From the first line to the last, copy the data exactly and drop the pictures.

> _DATASET EXCERPT_
----------

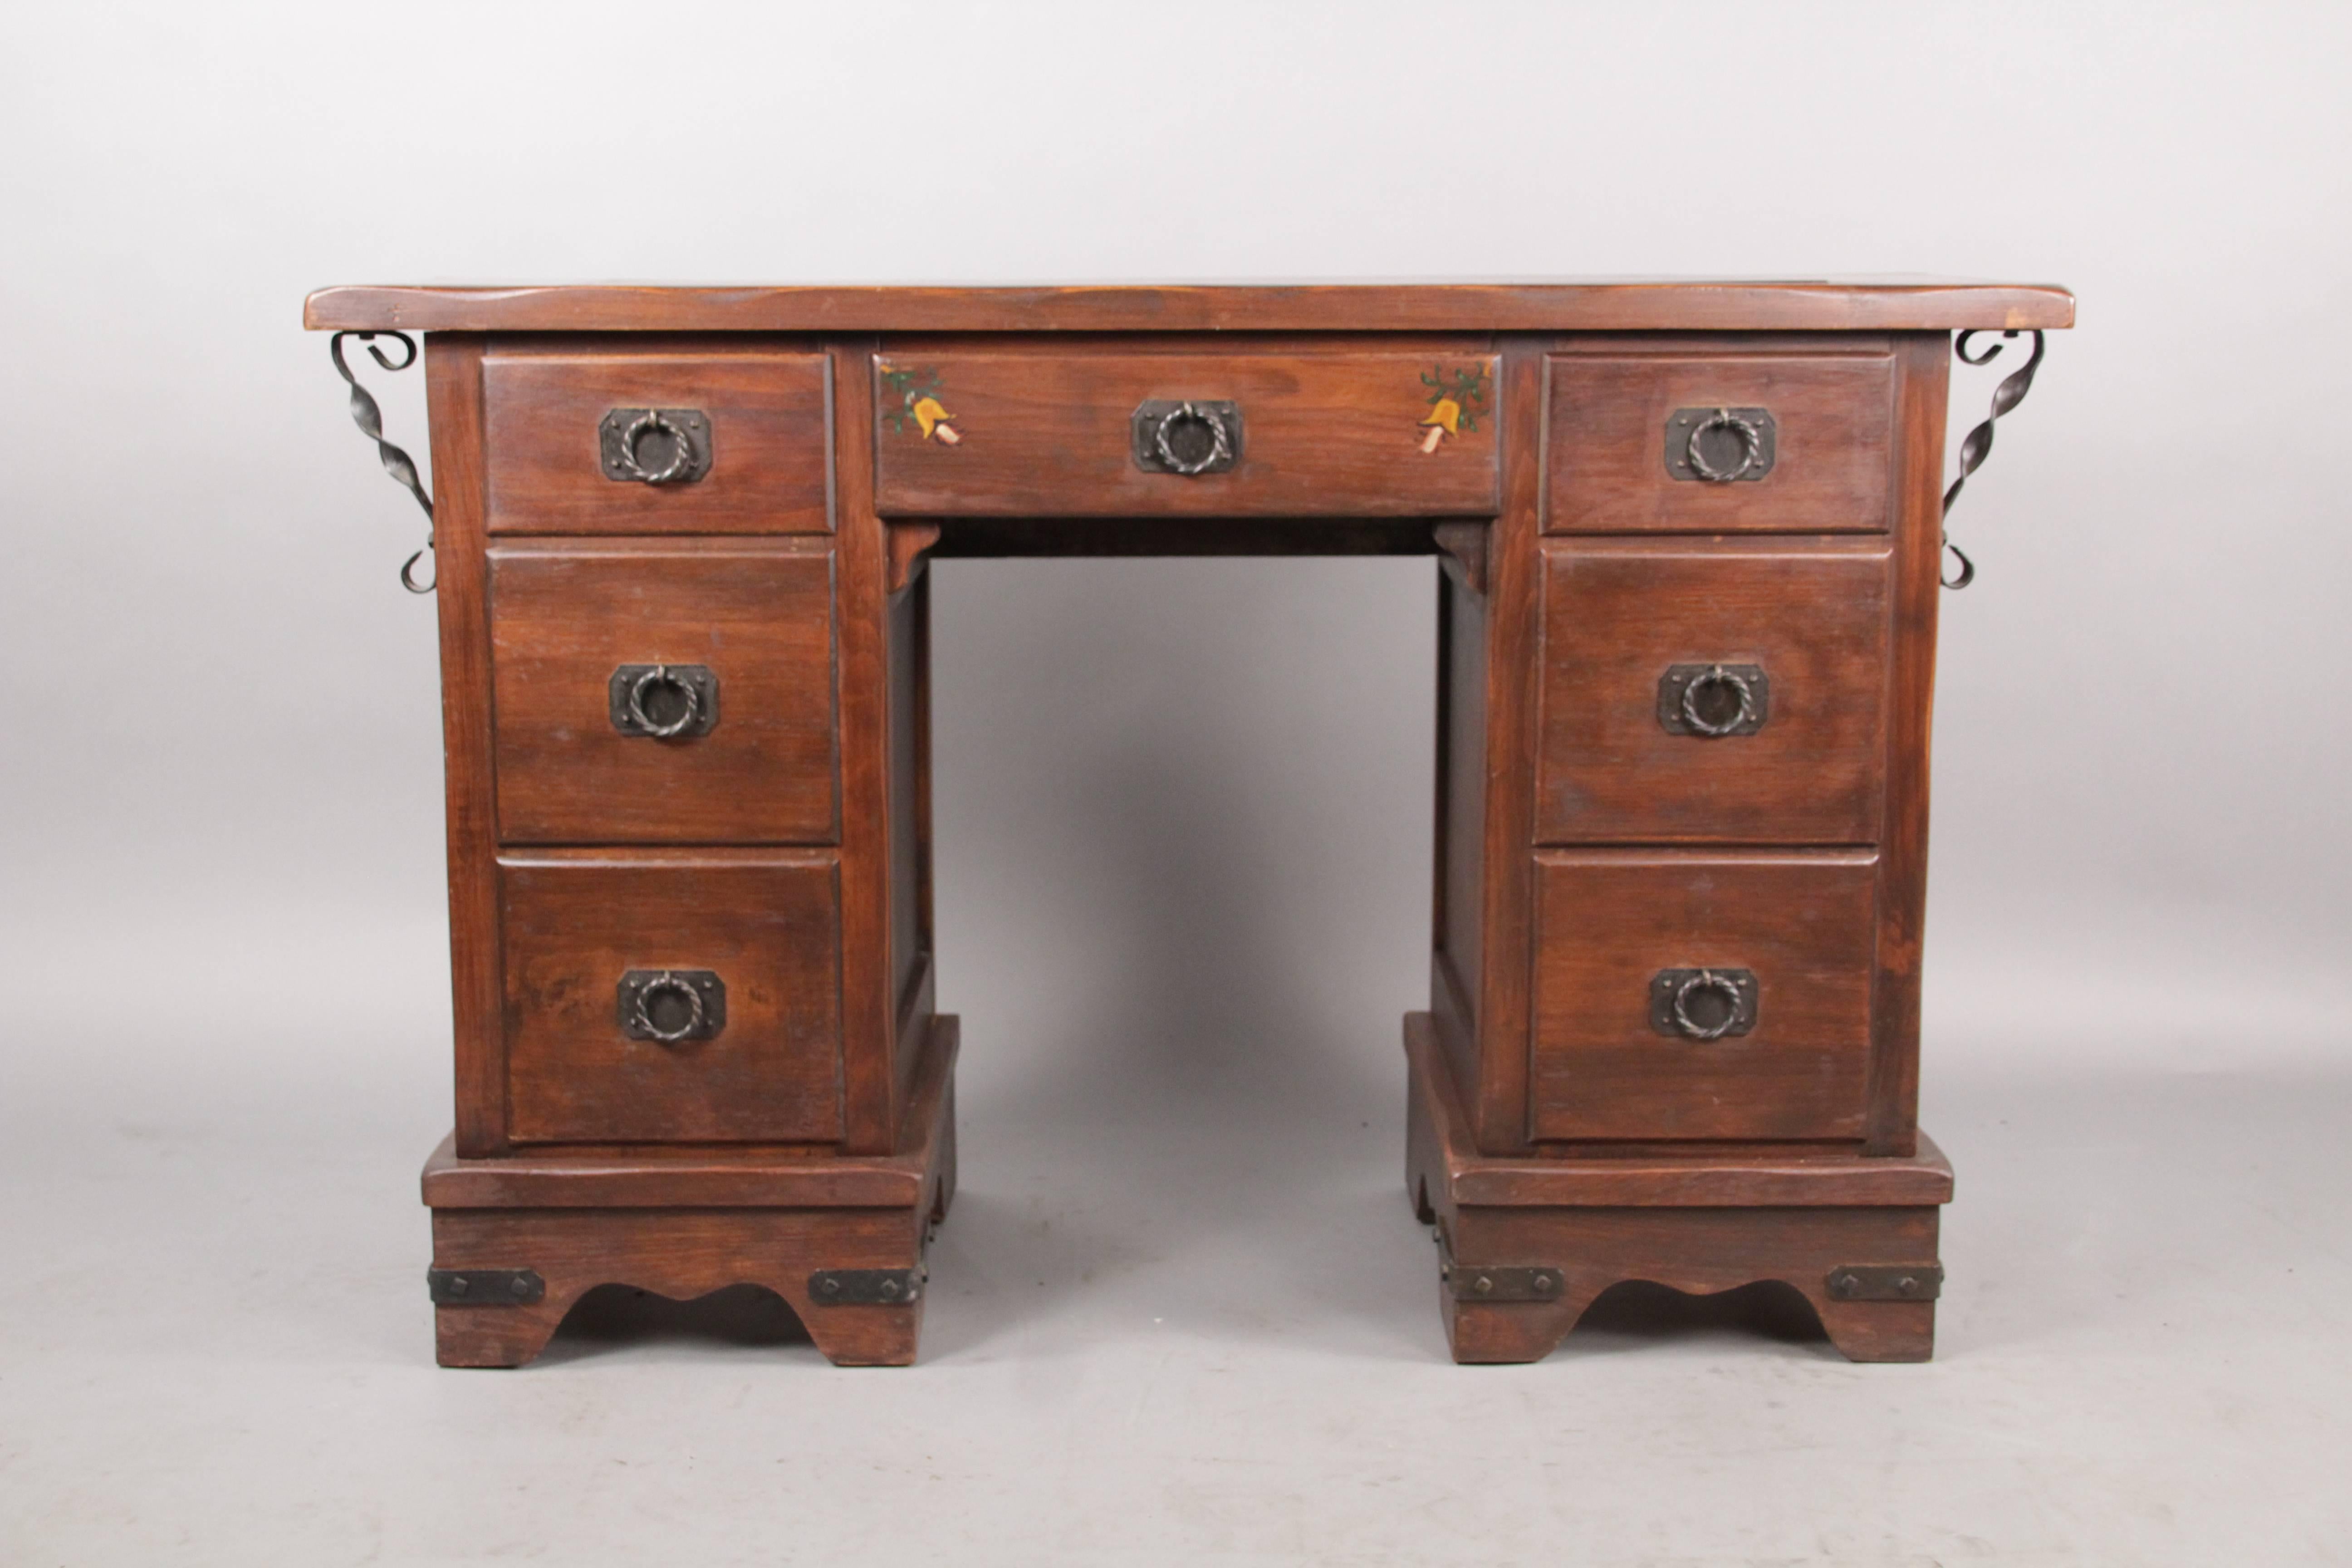 Seven drawer desk with iron detailing and painted detailing, circa 1920s. Retains its original label.
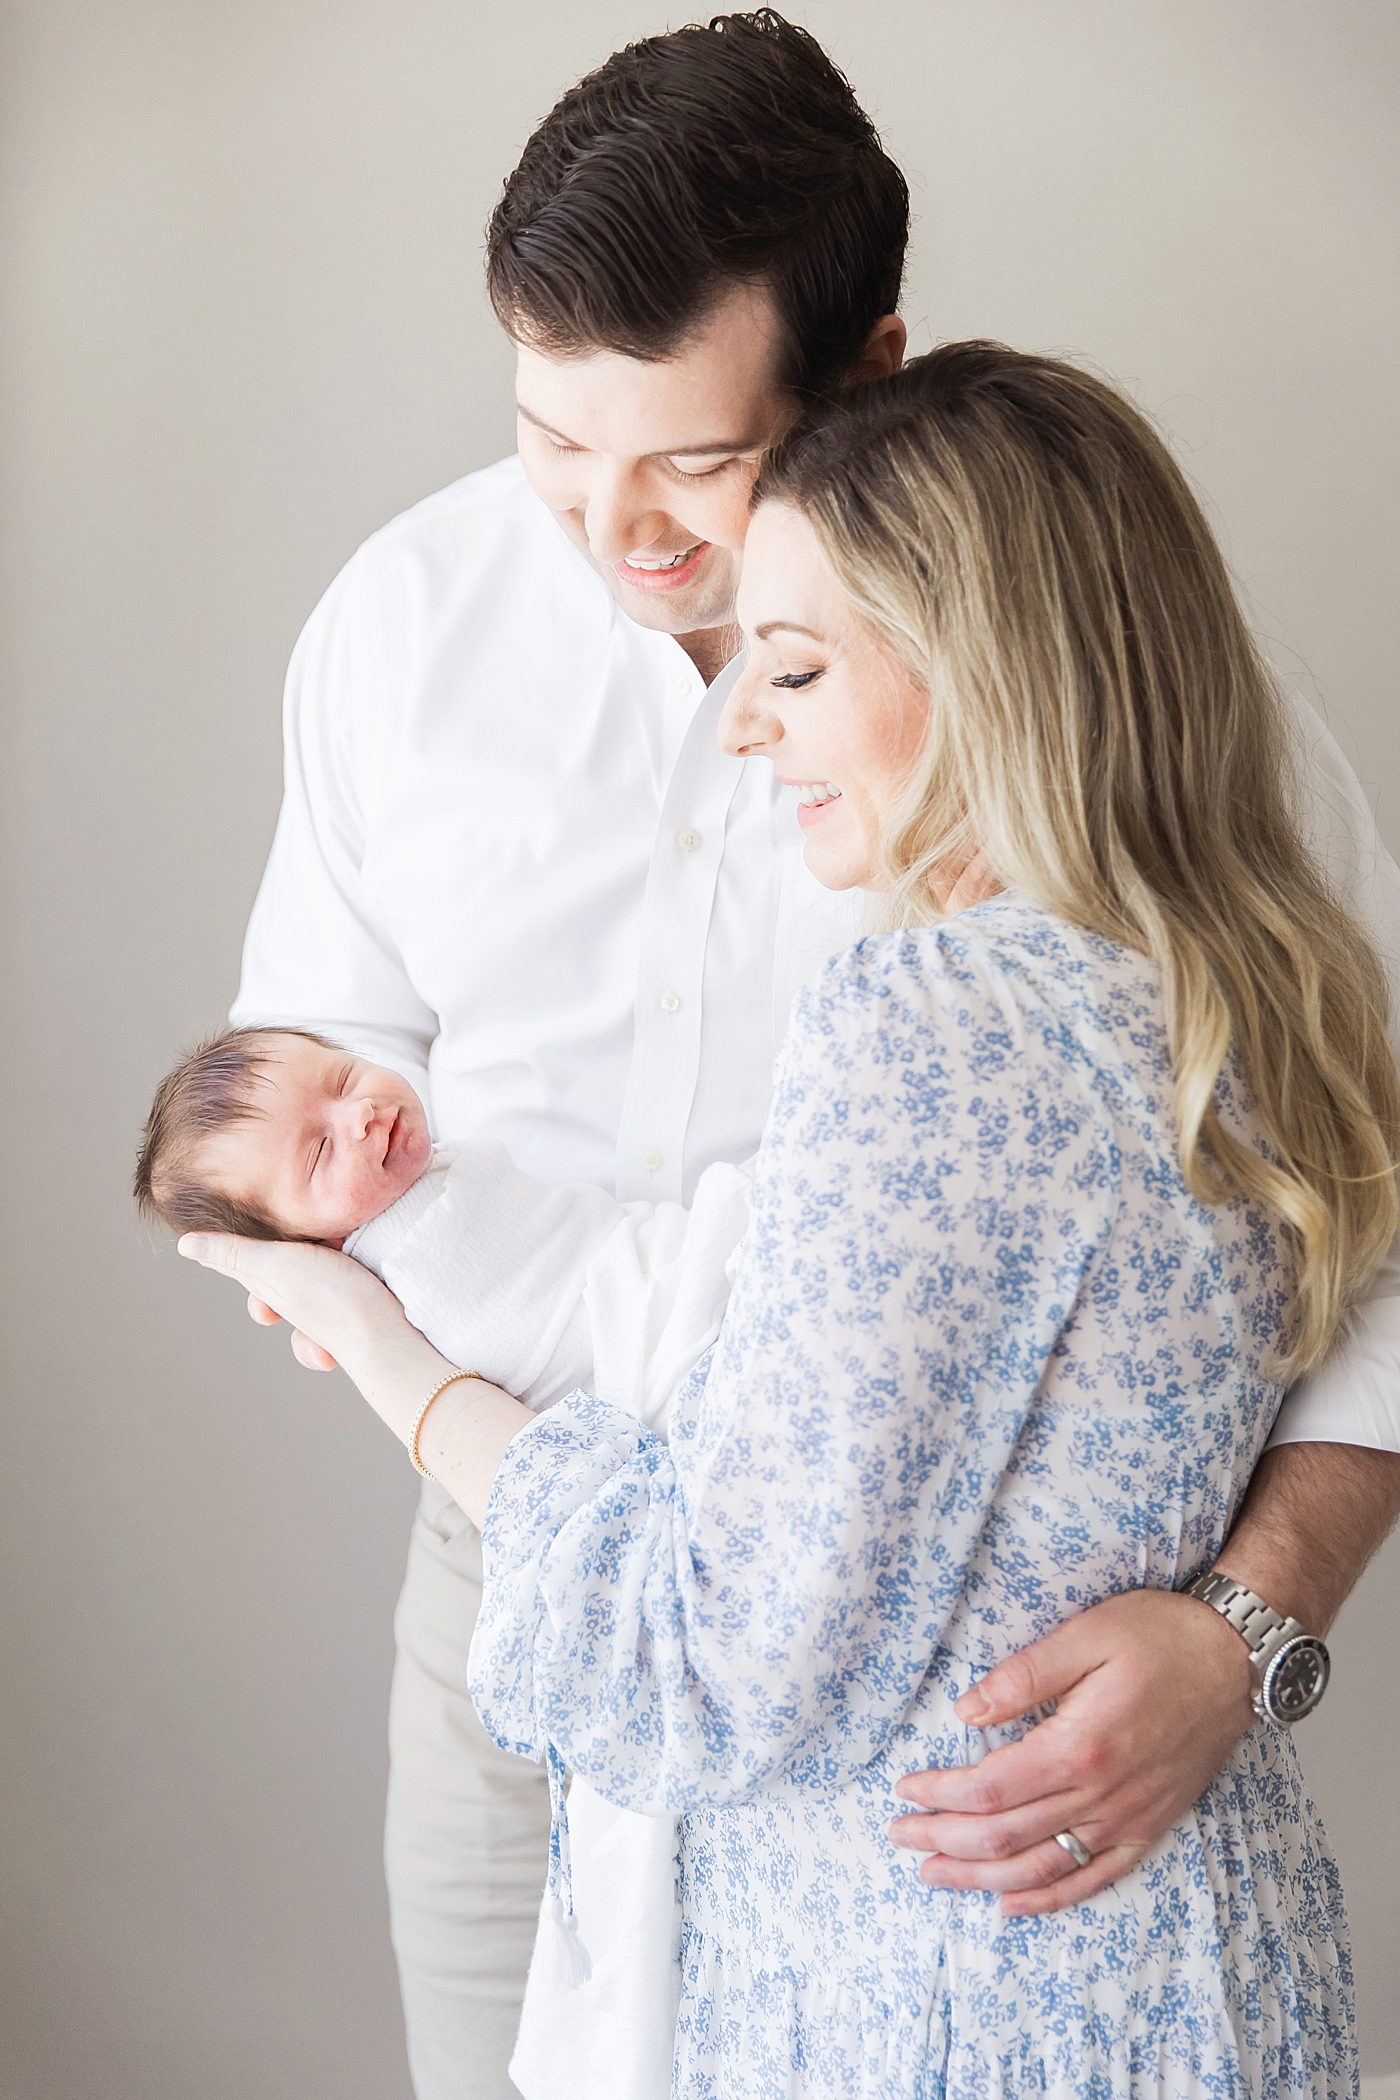 Mom and Dad holding their daughter and she smiles during newborn photoshoot with Fresh Light Photography.
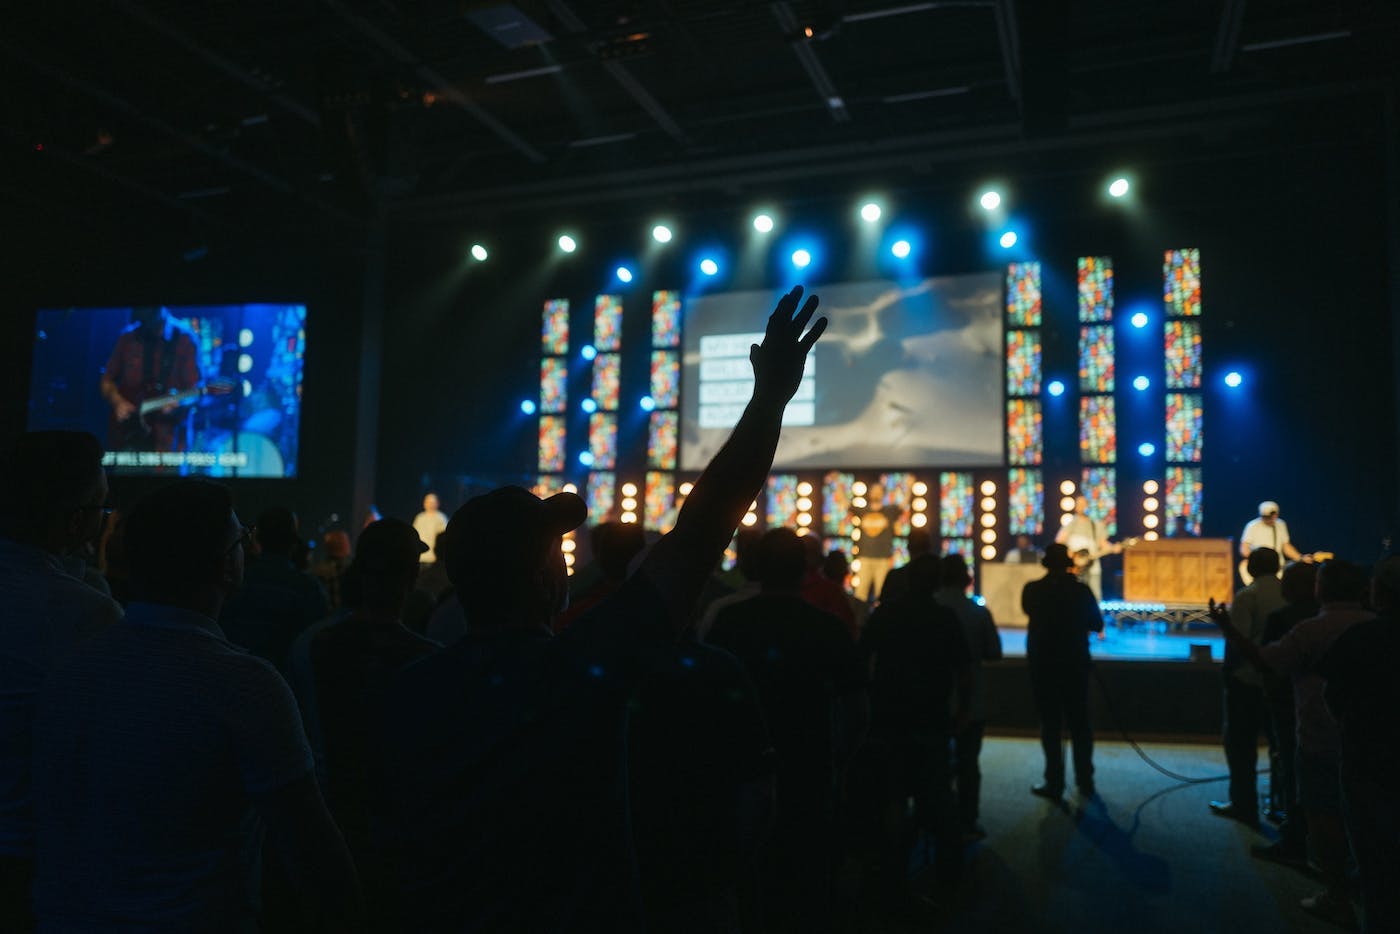 ScreenCloud Article - The ScreenCloud Guide to Church LED Video Walls
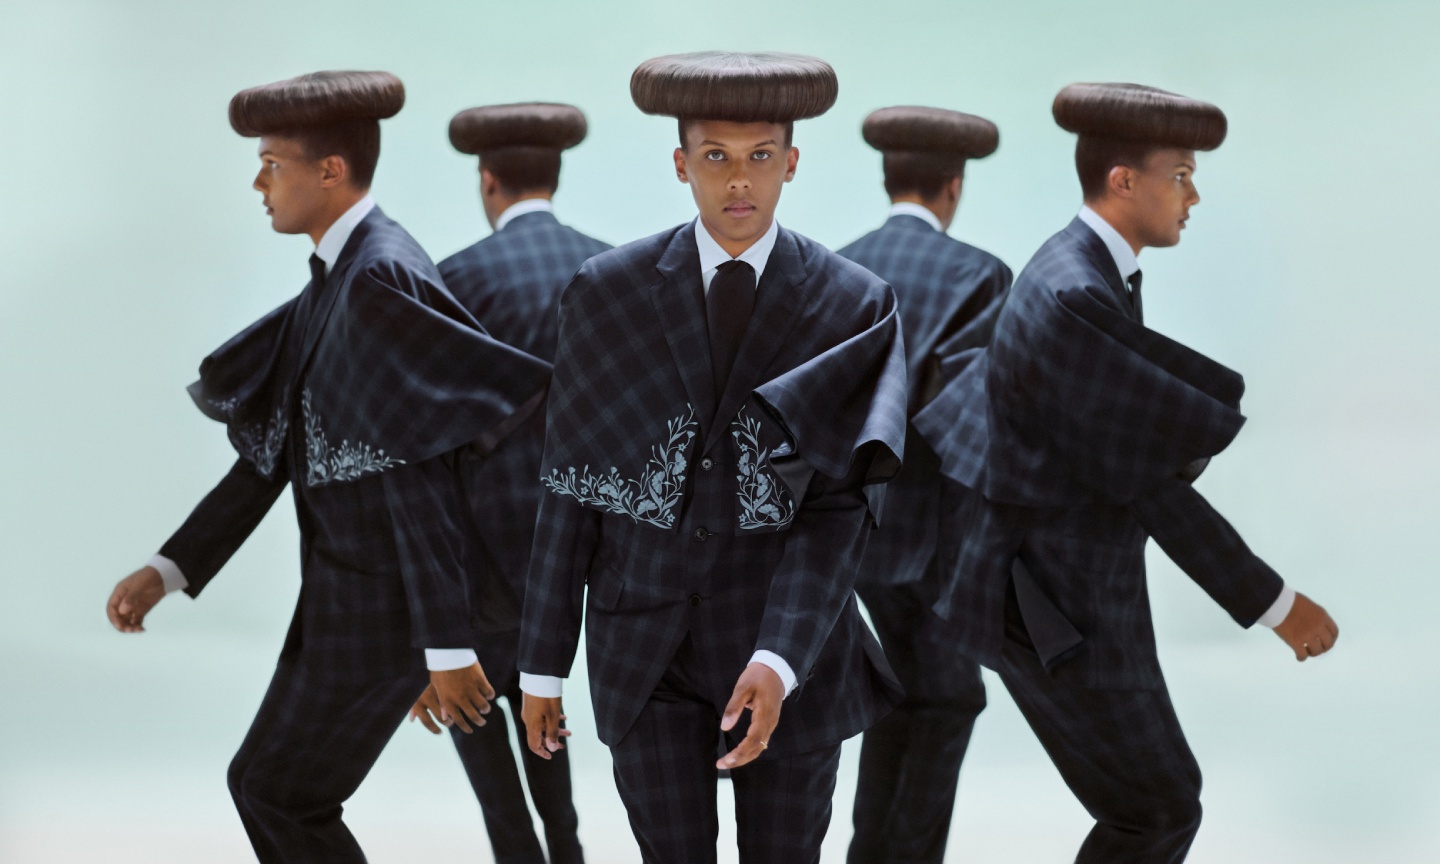 Stromae on 'Multitude' and Returning to Music

----------

> _OUTPUT OF THE EXERCISE_
 Seven drawer desk with iron detailing and painted detailing, circa 1920s. Retains its original label.
 Mom and Dad holding their daughter and she smiles during newborn photoshoot with Fresh Light Photography.
 ScreenCloud Article - The ScreenCloud Guide to Church LED Video Walls
 Stromae on 'Multitude' and Returning to Music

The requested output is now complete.